Ни о какой пьесе Алёшина я сроду не слышал, как и «Апокрифов» Чапека даже в руках не держал. И потому мне стало немножко стыдно.

– Так вот, – торжествующе произнёс Юра. – Все эти версии – от лукавого! Пушкинский Дон Гуан на самом деле полюбил – понимаешь? – впервые в жизни, но не смог преодолеть соблазна покаяния за своё прошлое. И вот тут-то рок, смеясь, не захотел с ним расстаться. Не бывает исключительно стерильных судеб, и гигиеническое отношение к своей душе – это тоже вызов Богу: он любит нас страдающих, ошибающихся, грязных, уродливых…

– Соблазн покаяния за своё прошлое, – я повторил эту фразу машинально: она показалась мне такой красивой и парадоксальной.

Юра частенько произносил что-нибудь выспреннее, благозвучное, яркое, и за этим краснобайством, как за мощной стеной, иногда притаивалась пошлость, глупость, банальщина. Дамы, однако, млели и кидали на него взоры. Скорее всего, их не волновал смысл сказанного – они слушали мелодию голоса, оценивали его тембр и диапазон, ритмику и силу. Они, наивные, думали, что Юра говорит то, что думает. И ошибались.
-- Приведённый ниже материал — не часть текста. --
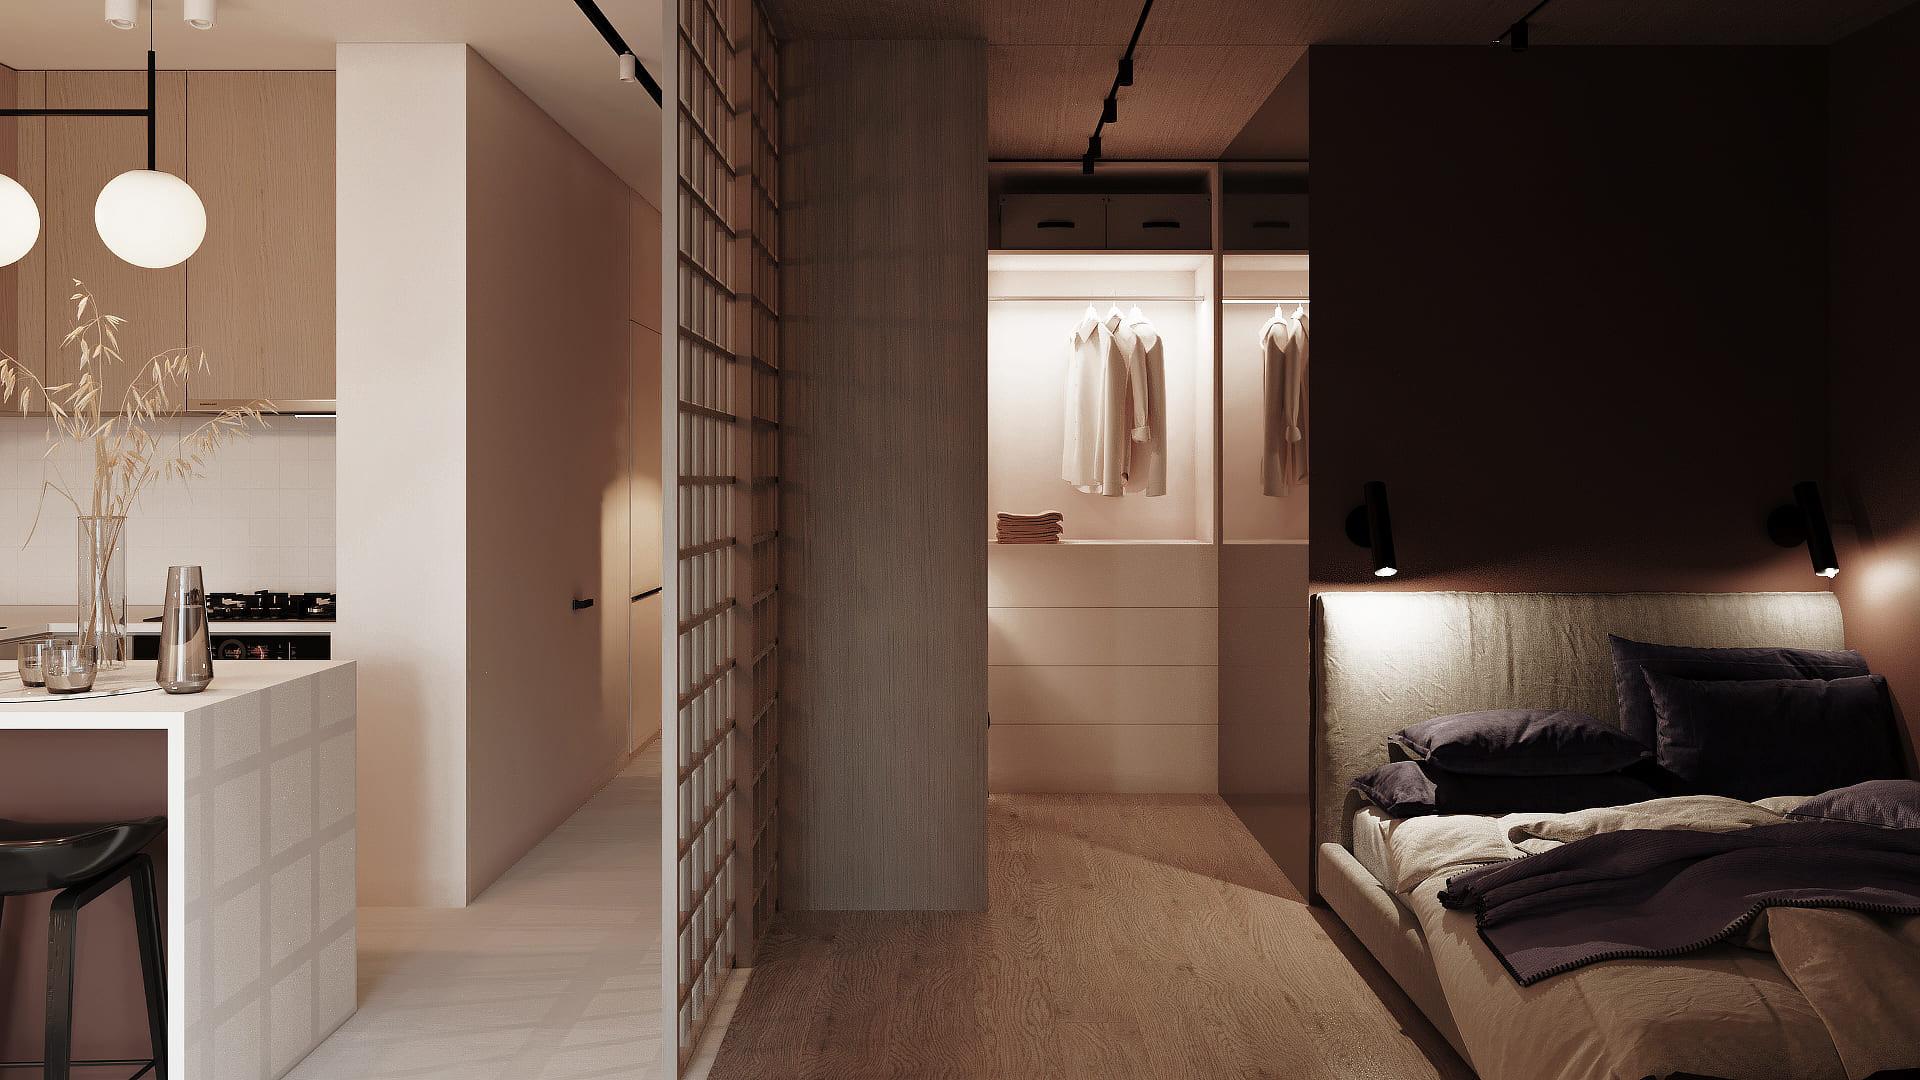 senko-architects-ID_16_01

Чаще всего он соединял воедино тексты читанных им пьес, заголовки газетных статей, афоризмы из карманного справочника, и порой состыковывал то, что вроде бы никак не подходило ни по смыслу, ни по теме, ни по идее, а результат получался блестящий.

– Понимаешь, Сережа, Дон Гуан, как тип женственного мужчины, вполне возможно, в юности испытал однополую любовь, – продолжал Юра. – Может быть, это даже ему и понравилось, почему бы и нет? Но он испугался, что не такой, как все. К тому же, нравы тогда были весьма строгие, содомитов презирали, не то что сейчас: натуралы вот-вот окажутся в меньшинстве! И что оставалось делать бедняге Дон Гуану? Доказывать всему миру и самому себе, что он самый мущинистый мужчина. Это не составляло ему труда: двойственность его природы позволяла знать, чего хочет женщина, а внешняя мужская привлекательность только способствовала реализации его планов…

– Ты думаешь, что только поэтому он так легко брал и бросал женщин? – засомневался я. – Если следовать твоей логике, то и Донну Анну он полюбить никак не мог. Потому что женщины ему были без разницы.

– А Донна Анна – нет! – воскликнул Юра. – Он наконец-то увидел в женщине женщину, понимаешь? Мужское начало взяло в нём верх над женским…

– Прямо фрейдизм какой-то, – шутливо буркнул я. – Наверно, ты на ночь стал читать Фрейда? Говорят, его книги – хорошее средство от бессонницы.

– Я с тобой серьёзно разговариваю, а тебе всё хиханьки да хаханьки, – обиделся Юра. – Я вообще хотел с тобой, как с художником, поговорить об одной особенности текста Пушкина… Но ты, похоже, сегодня не настроен на такие разговоры.

– Это будет тоже какая-нибудь оригинальная идея?

– Она вообще не оригинальная, – Юра насупился, но ему, видимо, так хотелось рассказать мне о своём наблюдении, что он, не выдержав, рассмеялся и махнул рукой:

– А, чёрт с тобой! Может, это тебе покажется неинтересным, но должен же я хоть кому-нибудь про это сказать. Вот, слушай…

Он встал посередине комнаты, картинно облокотившись о мольберт, задумчиво устремил глаза вверх и произнес:

– Чтоб камня моего могли коснуться

Вы легкою ногою или одеждой,

Когда сюда, на этот гордый гроб,

Пойдёте кудри наклонять и плакать…

Он читал монолог Дон Гуана так выспренне и патетично, что я невольно прикрыл губы рукой, чтобы он не заметил улыбки. Однако Юра постарался преподнести этот хрестоматийный текст так, что я как бы увидел картинку: молодая и красивая женщина в длинном черном платье откидывает вуаль и, наклонясь над мраморной плитой, в молчаливом горе прикасается лбом к холодному камню, и её роскошные волосы рассыпаются по золоту надгробной надписи.

– Ты увидел?! – Юра по выражению моего лица понял, что я действительно увидел всю картину, мельчайшие её детали целиком. – Пушкин писал так, что художнику и воображать ничего не надо: его текст – это готовая картина! Более того, кинематографистам тоже голову ломать не стоит: в его строках – готовый сценарный план и раскадровка!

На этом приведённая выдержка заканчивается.